## [Records supplied]
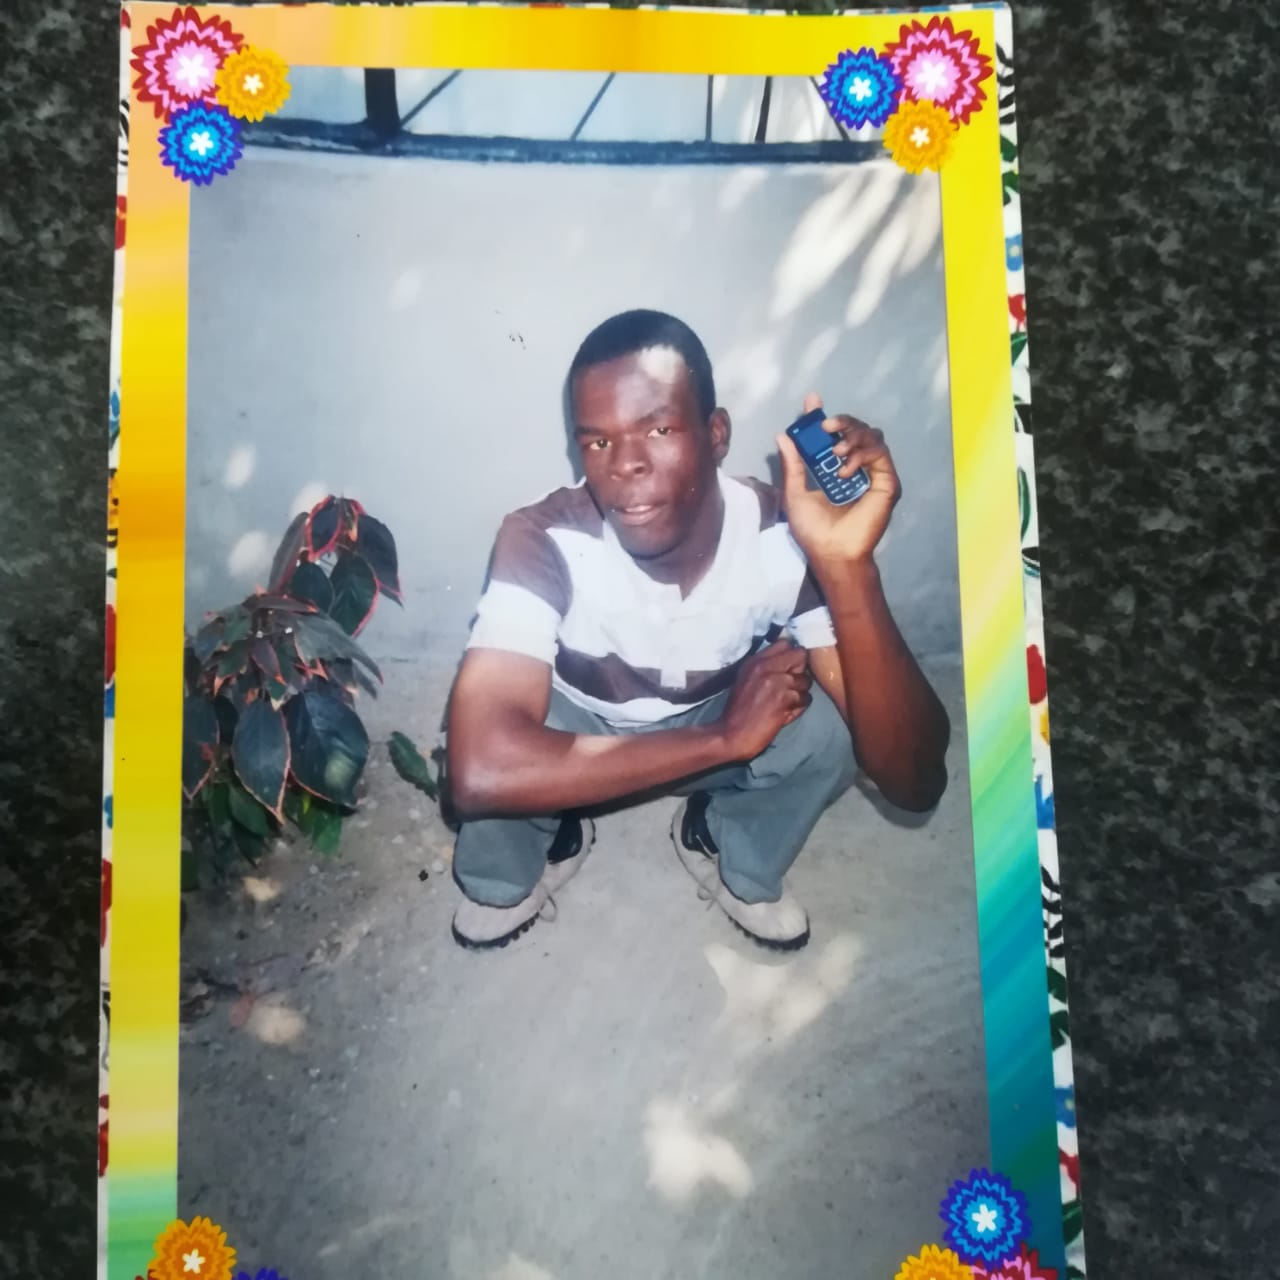 MANHUNT LAUNCHED IN TZANEEN FOR A MISSING PERSON
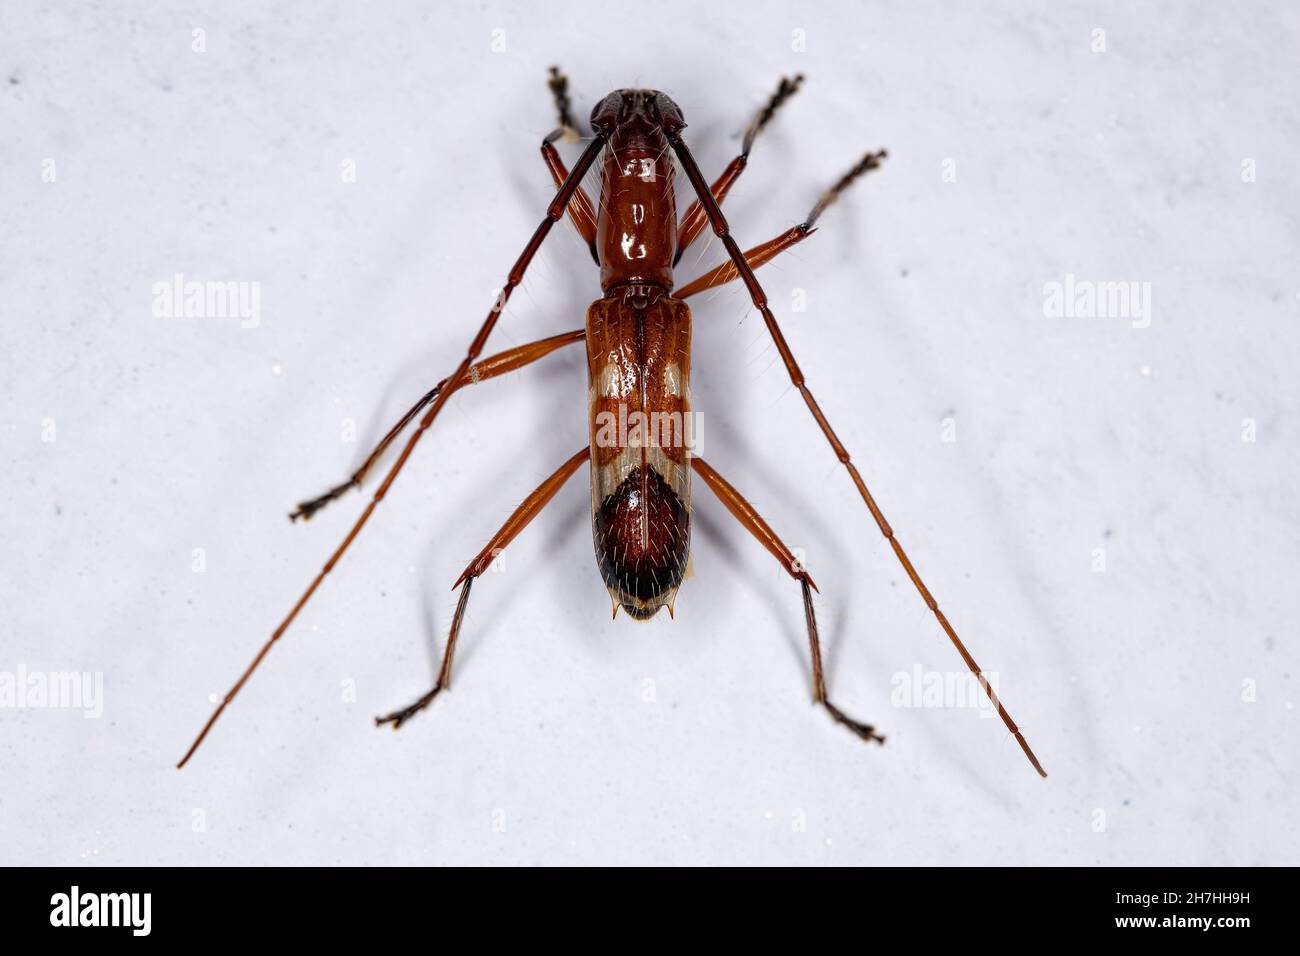 Adult Typical Longhorn Beetle of the Subfamily Cerambycinae Stock Photo
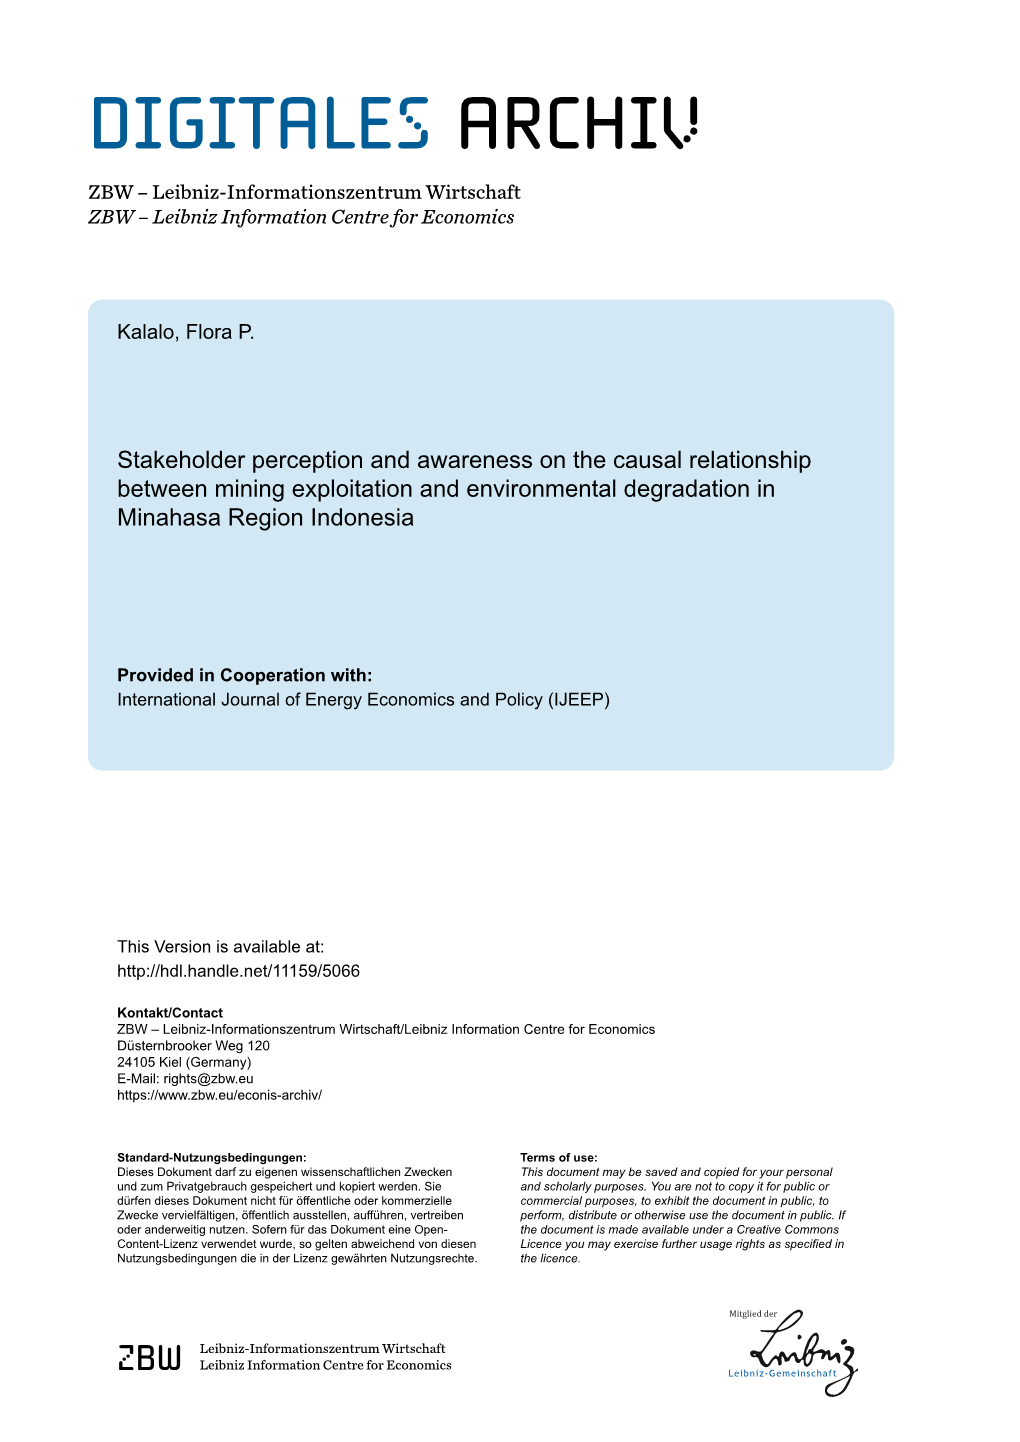 Stakeholder Perception and Awareness on the Causal Relationship Between Mining Exploitation and Environmental Degradation in Minahasa Region Indonesia
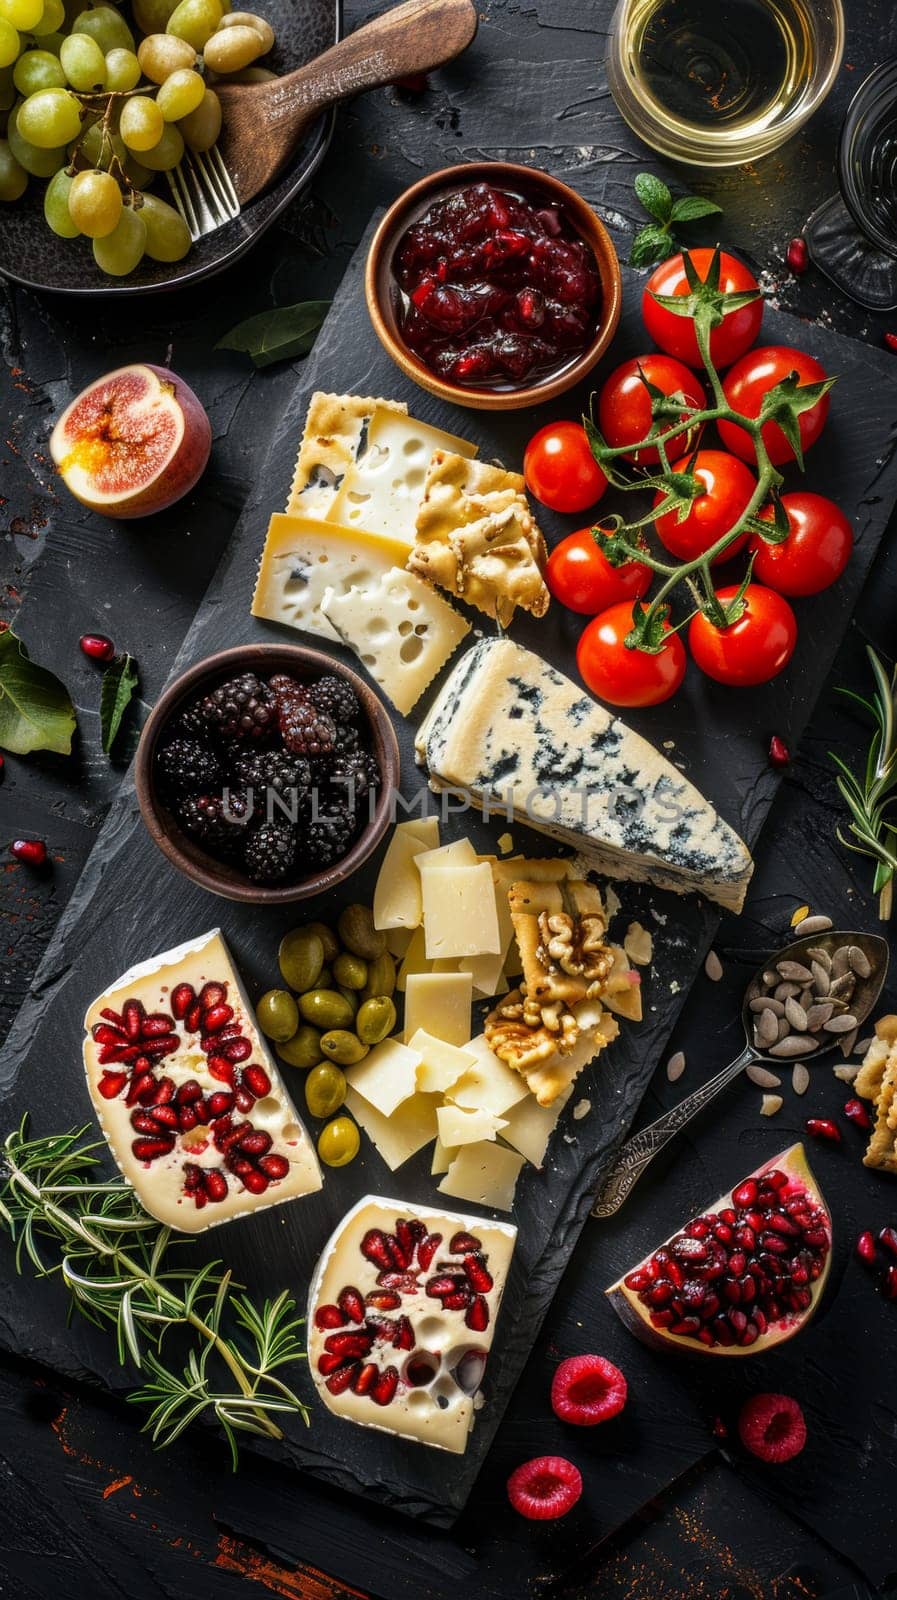 A table with cheese, fruit and nuts on it next to a glass of wine
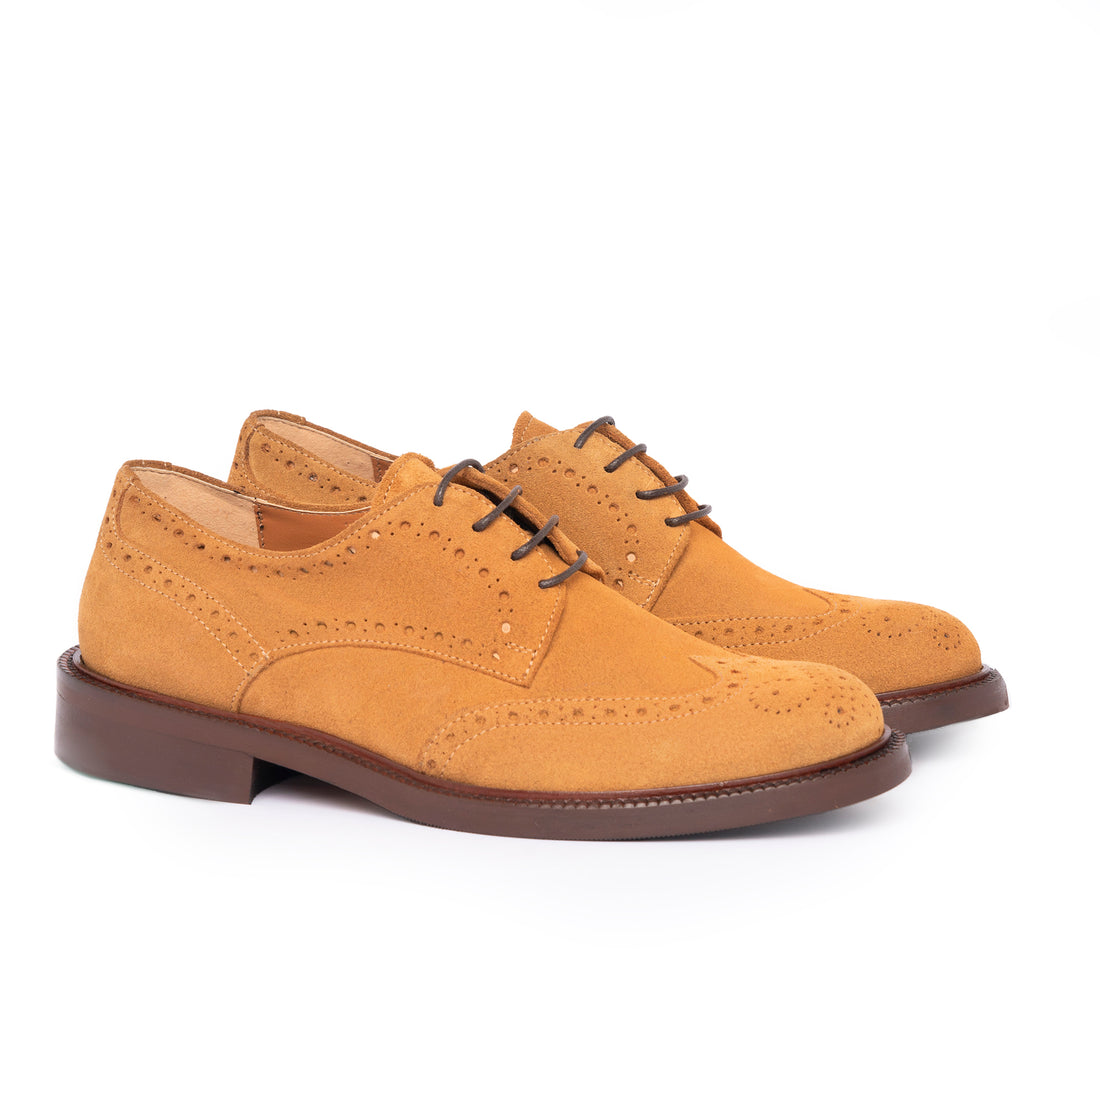 Oxford shoes in leather suede

## [Assignment]
Take the line containing "Stakeholder Perception and" and every line after it up to the end of the entries, and quote them exactly. Both ends count; the pictures do not.

## [Finished task]
 Stakeholder Perception and Awareness on the Causal Relationship Between Mining Exploitation and Environmental Degradation in Minahasa Region Indonesia
 A table with cheese, fruit and nuts on it next to a glass of wine
 Oxford shoes in leather suede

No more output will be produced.